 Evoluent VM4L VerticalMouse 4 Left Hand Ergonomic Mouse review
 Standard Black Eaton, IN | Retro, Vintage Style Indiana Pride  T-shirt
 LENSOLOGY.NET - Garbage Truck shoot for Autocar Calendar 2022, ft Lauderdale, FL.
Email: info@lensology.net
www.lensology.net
* * * * *
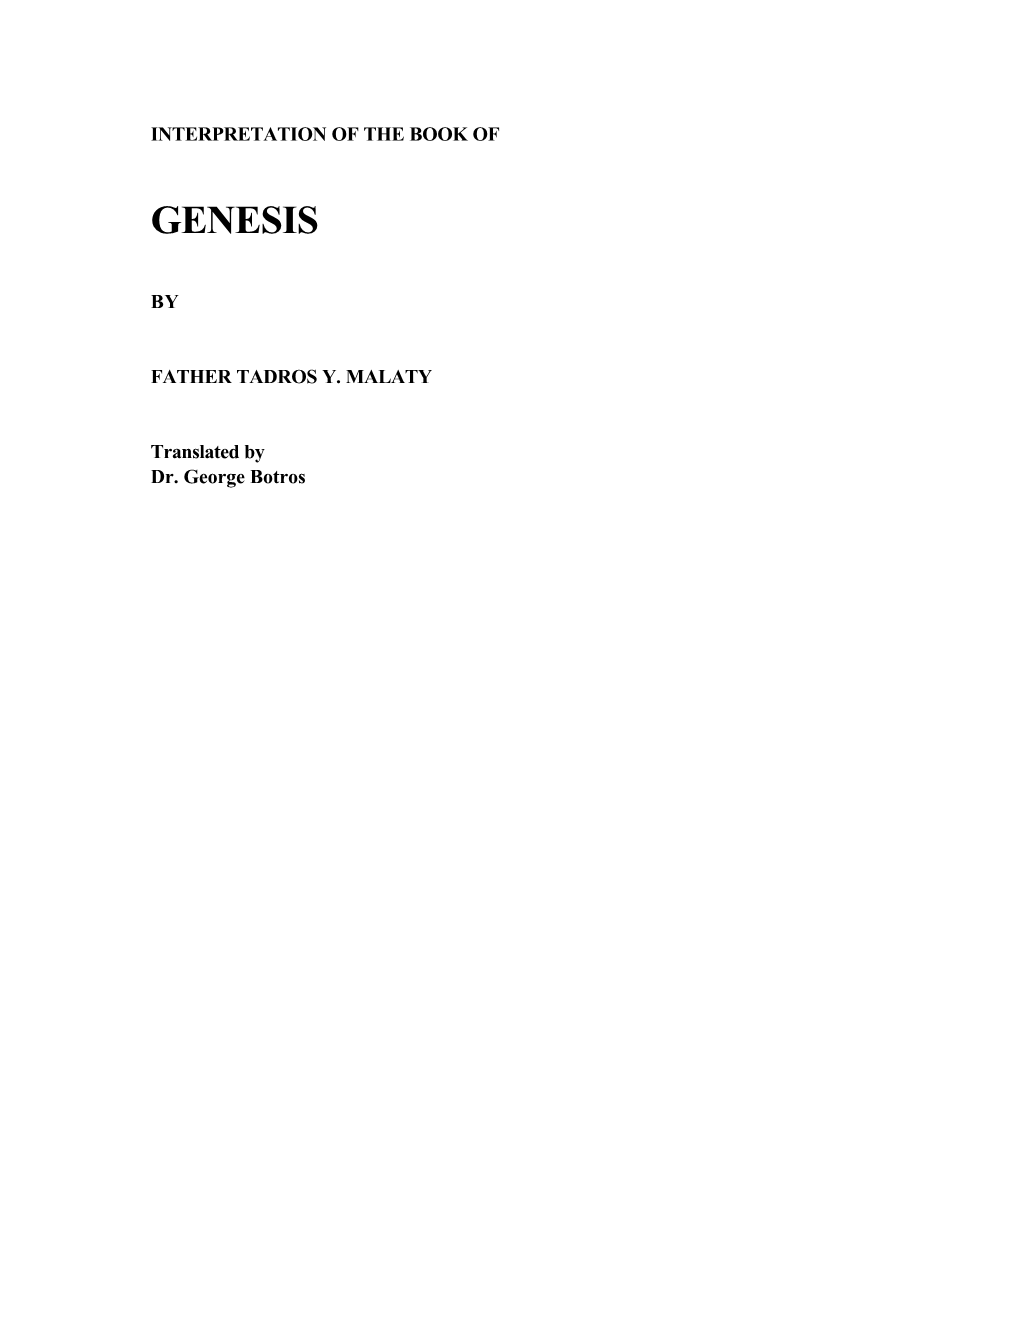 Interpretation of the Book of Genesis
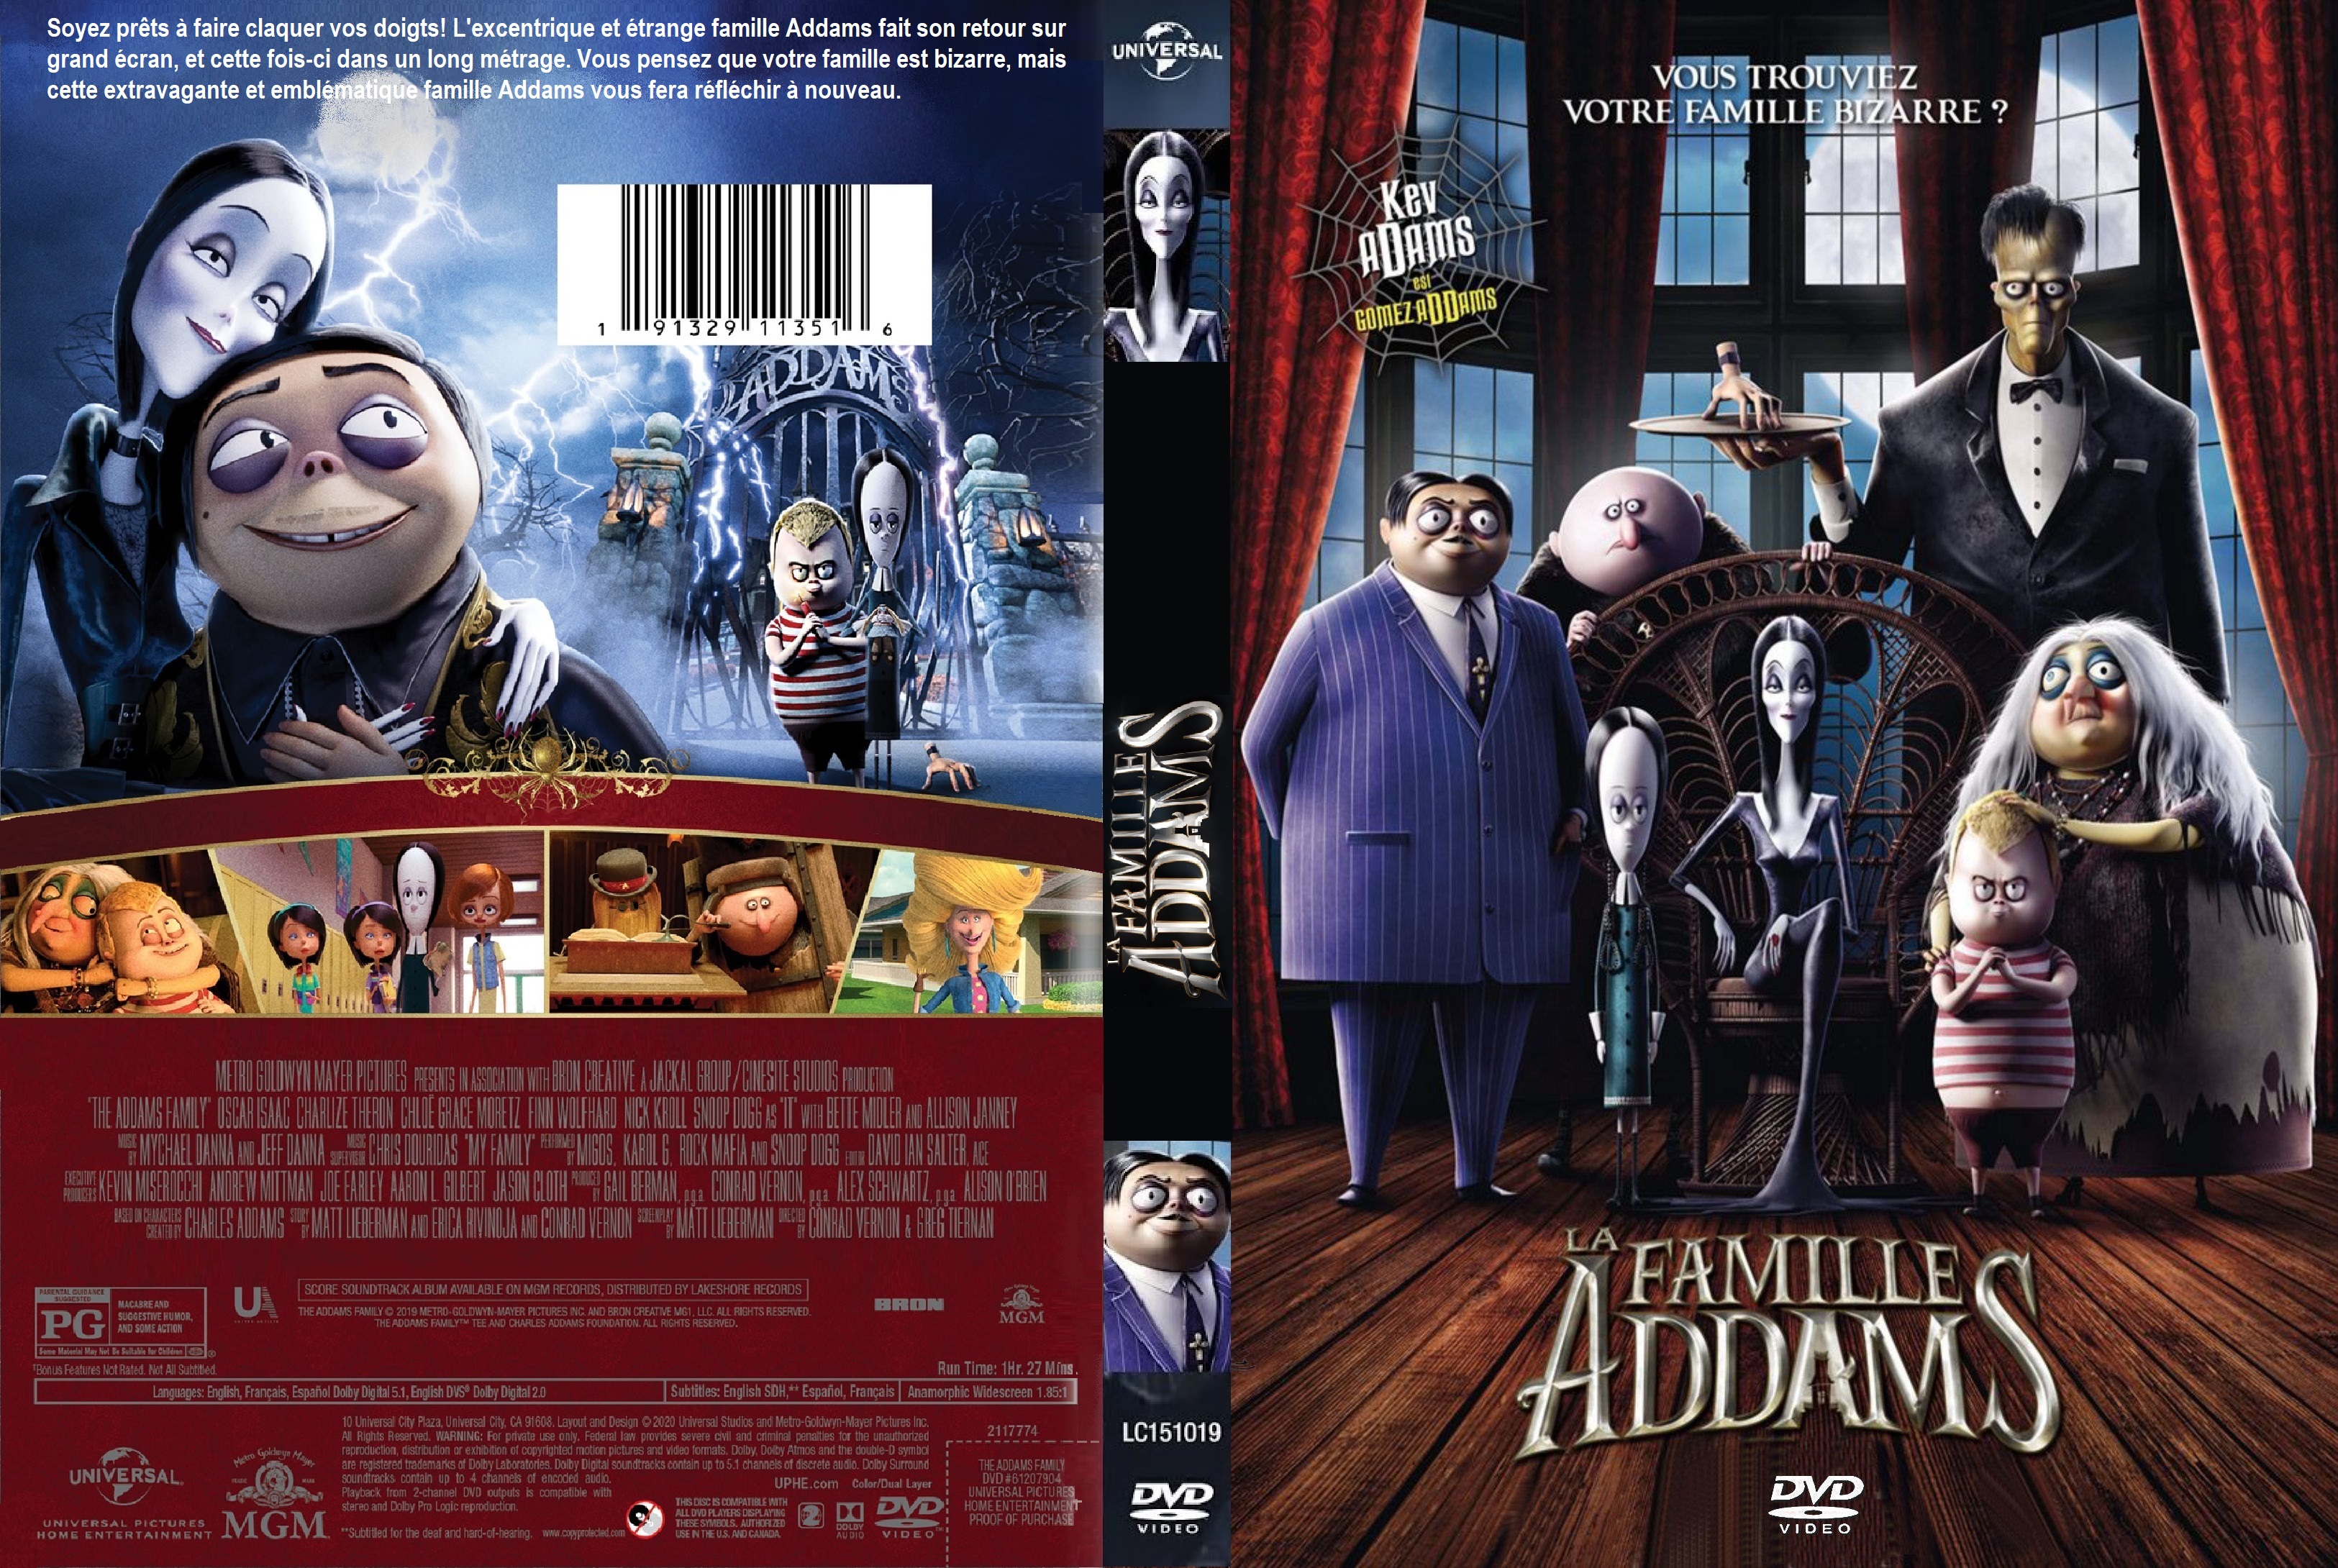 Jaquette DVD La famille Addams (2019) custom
* * * * *
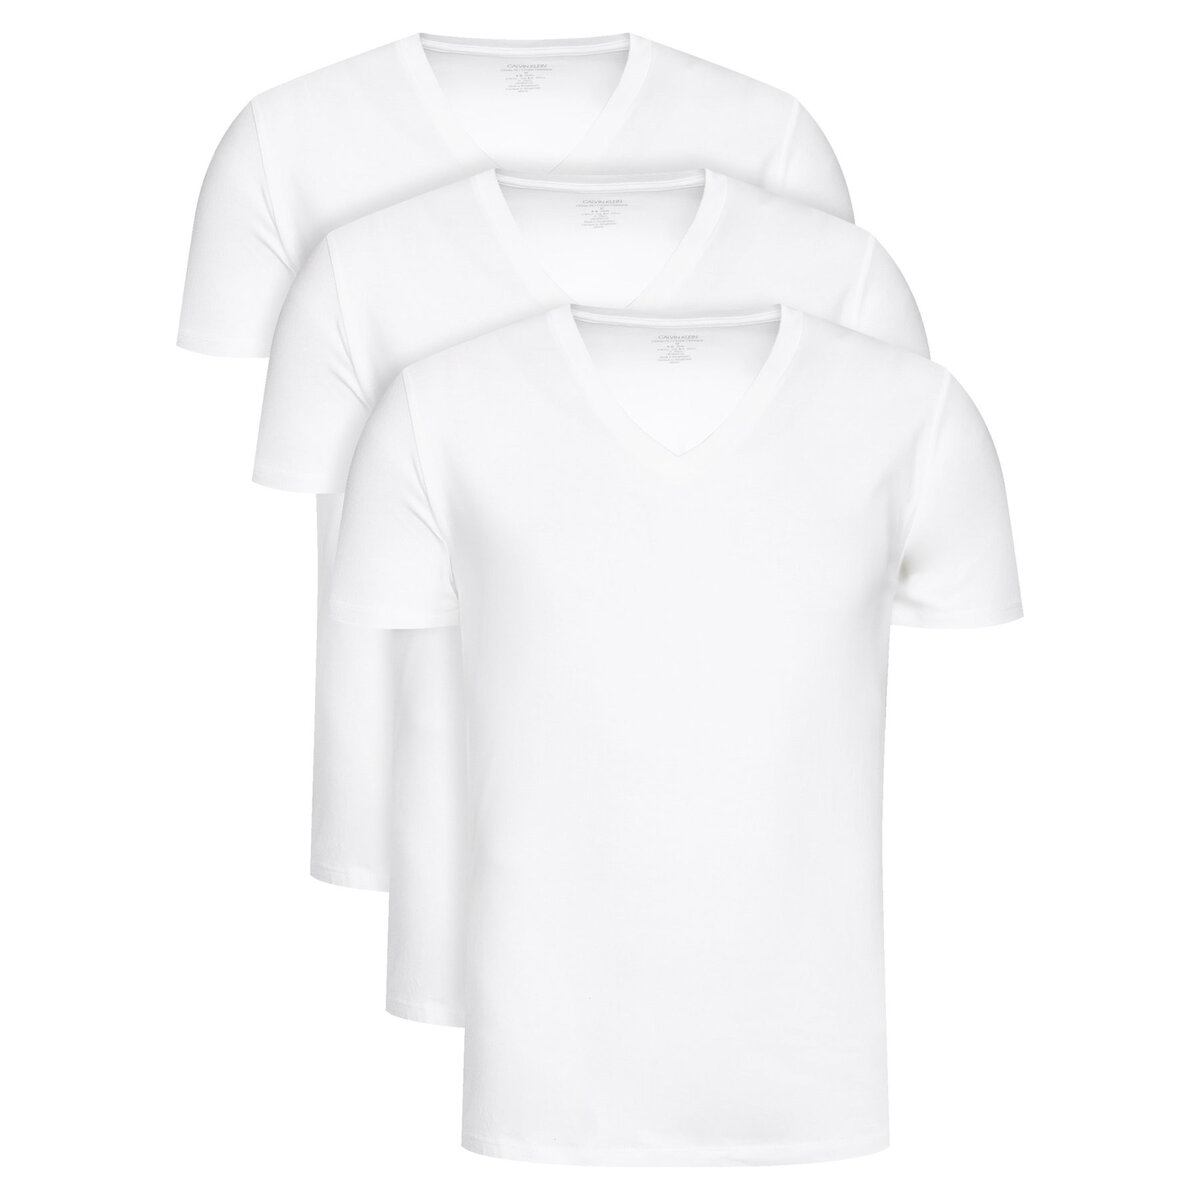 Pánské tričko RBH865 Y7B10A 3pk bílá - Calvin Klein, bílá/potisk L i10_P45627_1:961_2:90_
* * * * *
▶ _The task_
The expected output is exactly the lines of the listing above between the line holding "LENSOLOGY.NET - Garbage" and the line holding "www.lensology.net", inclusive.

▶ _Reply to the task_
 LENSOLOGY.NET - Garbage Truck shoot for Autocar Calendar 2022, ft Lauderdale, FL.
Email: info@lensology.net
www.lensology.net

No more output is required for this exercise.